Лапин помолчал, потом ответил:
– Мастер сказал, что если я отрежу свою голову, то он вылечит наш драккар. И мы сможем улететь отсюда.
– И ты поверил? Он просто играл на твоём благородстве. Эх, балда ты балда.
– А как было не поверить? Вы же видели его возможности.
– Обман и мираж. Химеры и фокусы.
– А если бы всё это оказалось правдой? А вдруг? Игра стоила свеч.
– Не стоила игра ничего, ни одной капли крови. Он самый обыкновенный лжец.

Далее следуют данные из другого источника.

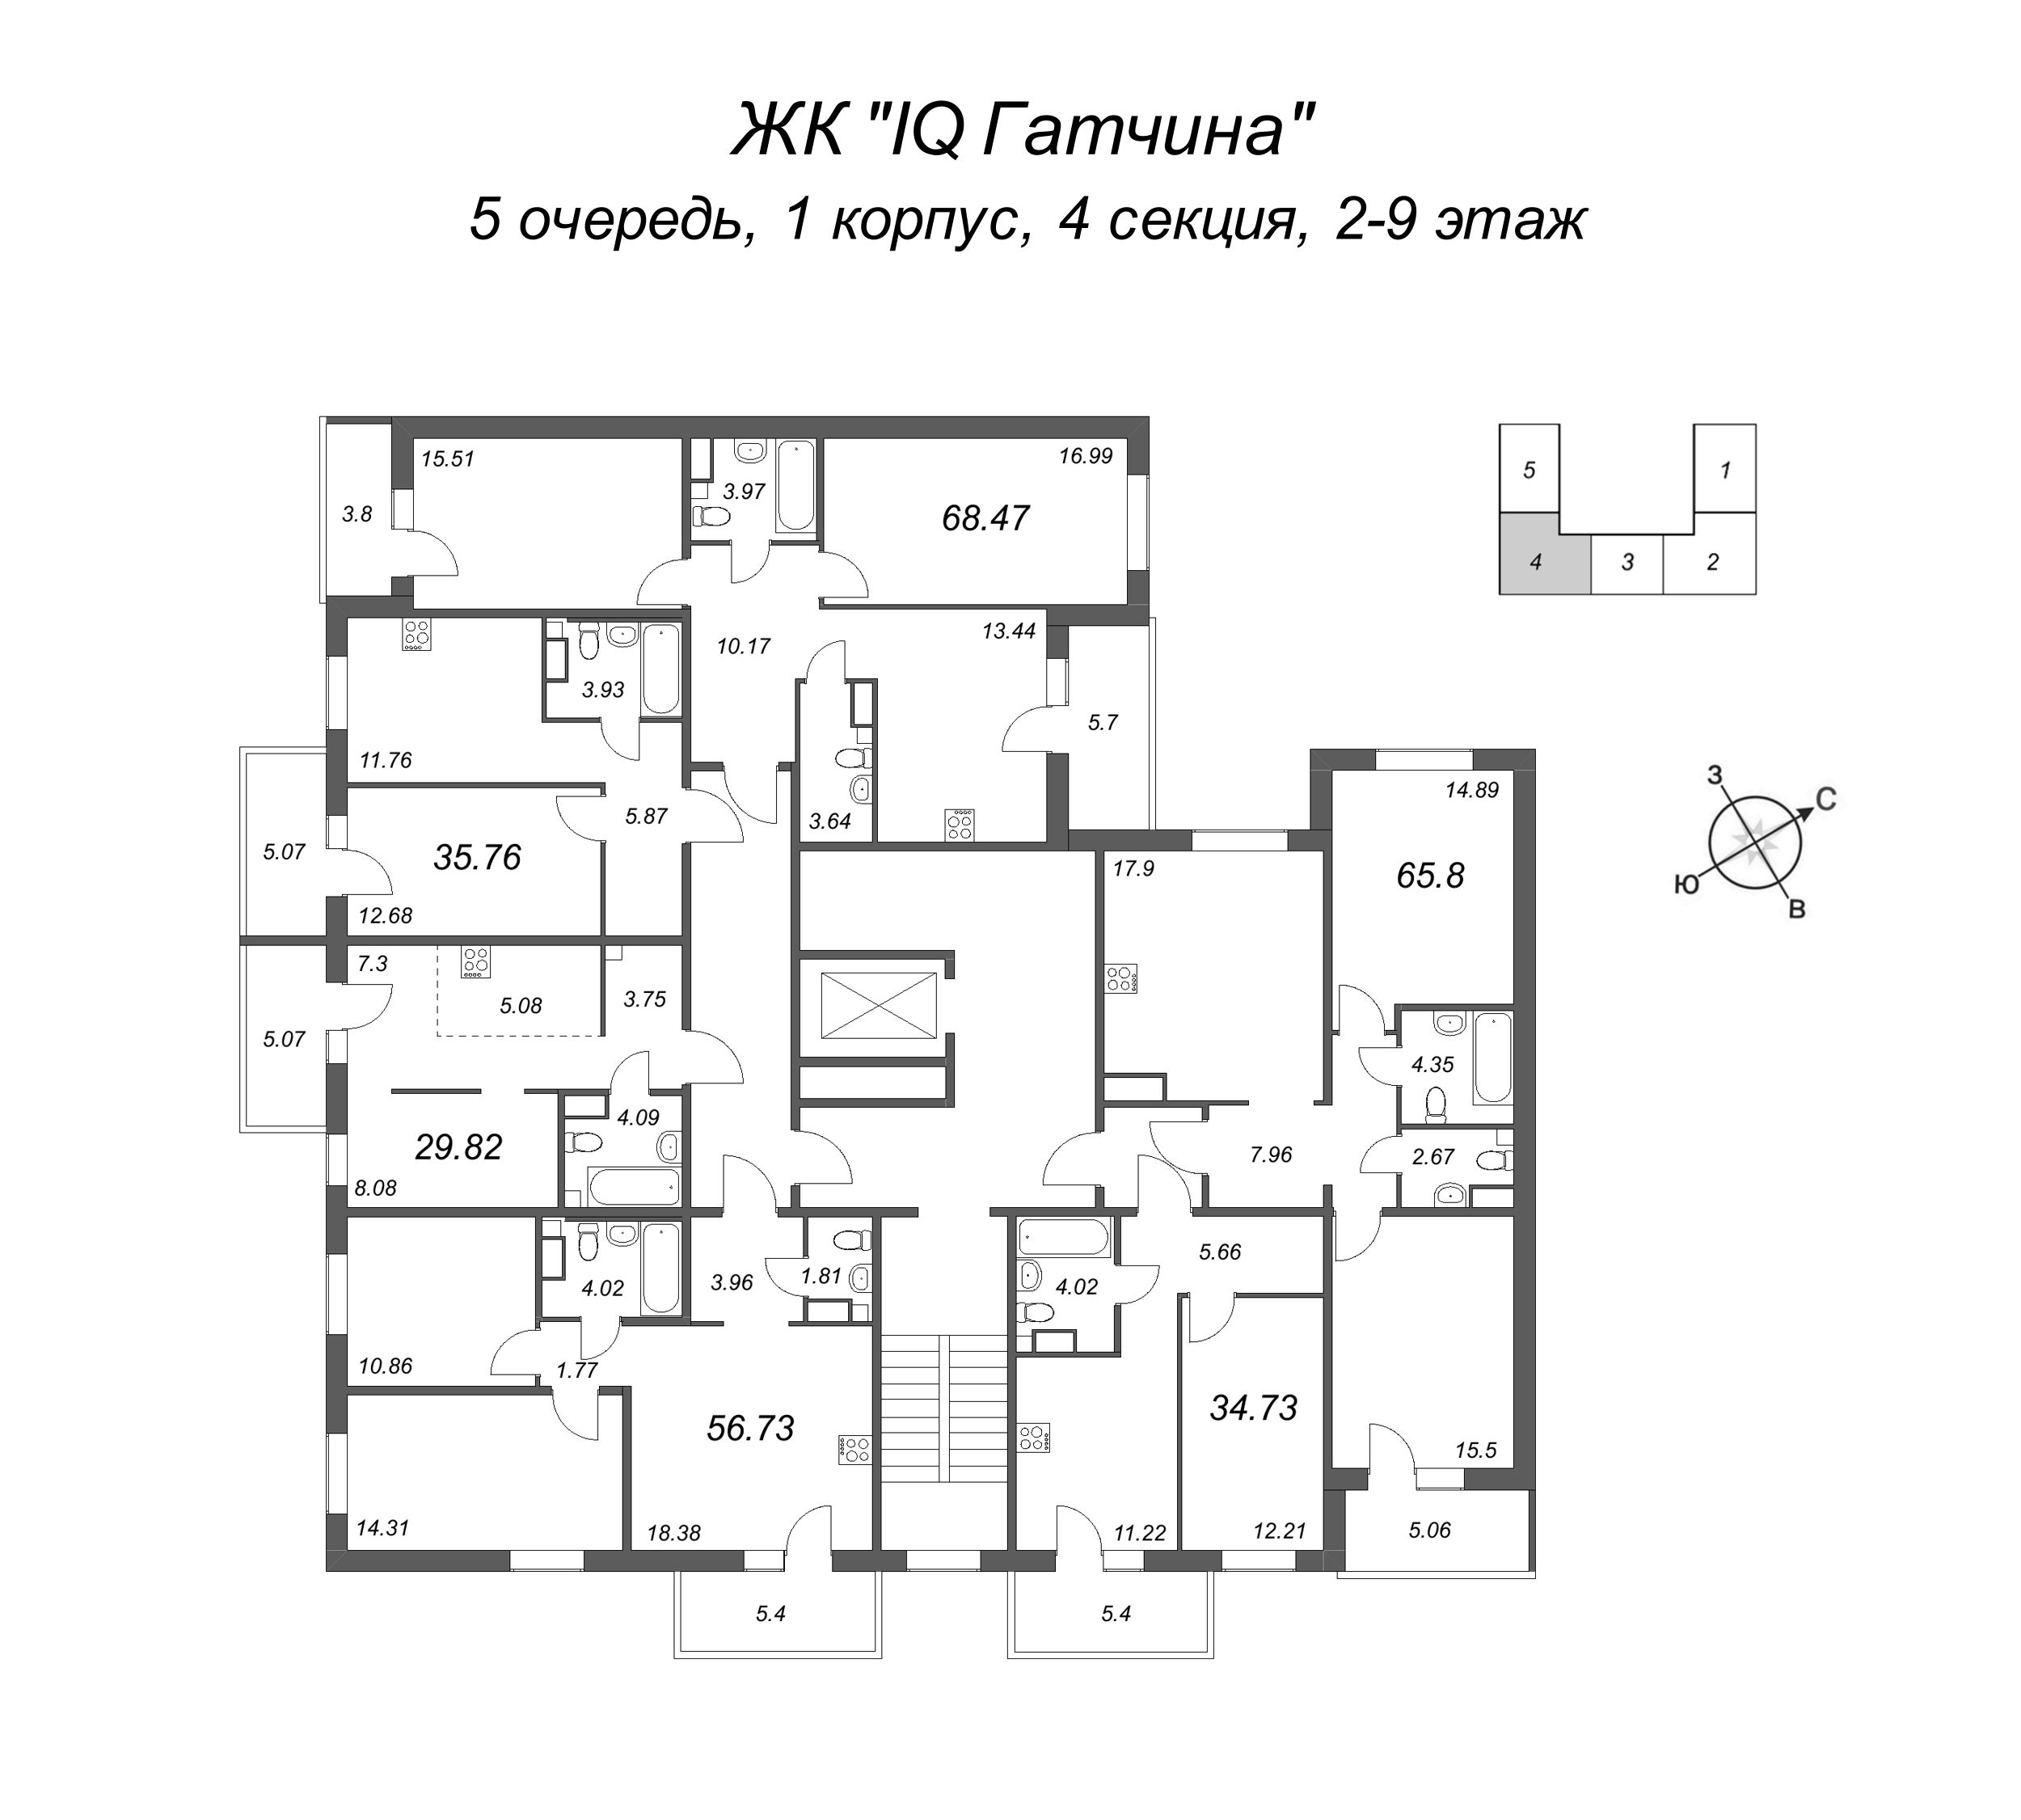 1-комнатная квартира, 35.86 м² в ЖК "IQ Гатчина" - планировка этажа

Просто мощностей наших свидетелей на него не хватает. Вот гадёныш и куражится. Но я всё равно горжусь тобой. Ты большой молодец.
– Это ещё почему?
– Не каждый убьёт себя ради других. Ты поступил как личность.
– Простите, Пётр Петрович, но я в вашем одобрении не нуждаюсь. Я сам себе, сам себе… – стажёр не мог подобрать точное слово.
– Свидетель? – с улыбкой подсказал судья.
– Благодарю. Да! Я сам себе свидетель.
– Взрослеешь.
– Да оставьте вы ваш снисходительный тон! Вы! Вы!.. Идите прочь!
Стажёр накрыл голову одеялом и зарыдал. Судья сорвал одеяло.
– Да что с тобой не так? Отчего ты так обабился? Что происходит?
Всхлипывая, стажер прогундосил:
– Они… они обнулили мой дуэльный счётчик. Типа у самоубийц автообнуление. Теперь у меня ноль побед и одно поражение. А было пятьдесят побед и ноль поражений.
Судья покачал головой:
– Ты, Саня, не просто личность. Ты уникум.